PhysHanDI: Physics-Based Reconstruction of Hand-Deformable Object Interactions

Conference: ICML 2026
arXiv: 2605.09538
Code: Not released
Area: 3D Vision / Hand-Object Interaction Reconstruction / Physics Simulation
Keywords: Hand-Object Interaction, Deformable Objects, Spring-Mass, MANO, Inverse Physics

TL;DR

This paper introduces PhysHanDI, which couples the MANO hand model with a Spring-Mass soft object model. Dense hand meshes drive the physical simulation of deformable objects, while object simulation refines hand reconstruction. The method achieves SOTA dense 3D reconstruction of both hands and soft objects from sparse-view RGB-D videos.

Background & Motivation

Background: Existing hand-object interaction reconstruction methods often assume objects are rigid or piecewise rigid (e.g., HOnnotate, ARCTIC), where object dynamics can be described using a reference shape and global or partial rigid transformations.
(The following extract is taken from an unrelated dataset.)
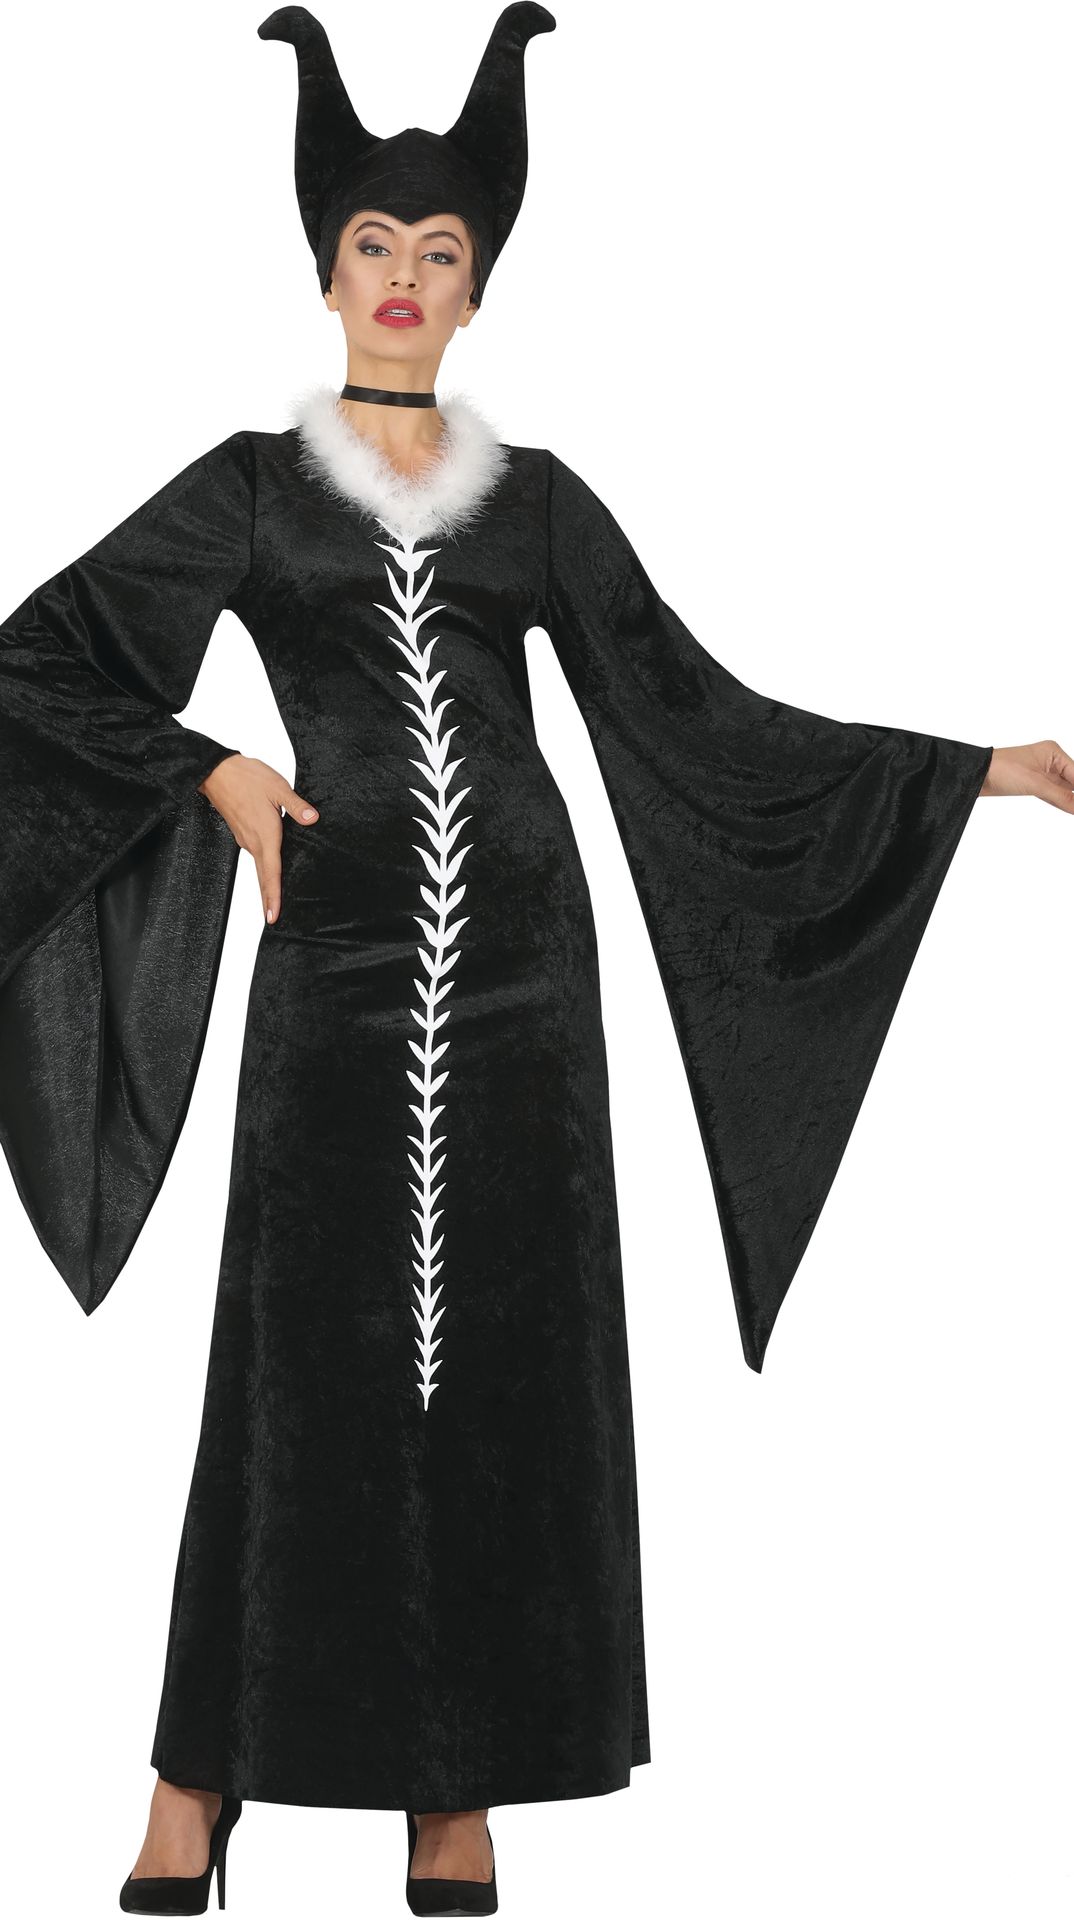 Maleficent jurk vrouw zwart

Limitations of Prior Work: Many everyday objects, such as clothing, plush toys, and charging cables, exhibit significant, spatially varying non-rigid deformations. Rigid frameworks fail entirely in such cases. Limited work on soft objects (e.g., HMDO, qi2025human) only addresses small-scale local deformations caused by finger pressing, unable to model large-scale global deformations like bending a plush toy’s arm by 180°.

Key Challenge: The most relevant work, PhysTwin, uses a Spring-Mass model for large deformations but simplifies the hand to approximately 30 sparse control points sampled from depth maps. This leads to two issues: (1) contact points are unobservable under occlusion, resulting in inaccurate force modeling; (2) the sparse control points produce suboptimal Spring-Mass topologies (with an overly large connection radius \(\delta\)), compromising simulation stability. Moreover, PhysTwin does not provide complete 3D hand reconstruction.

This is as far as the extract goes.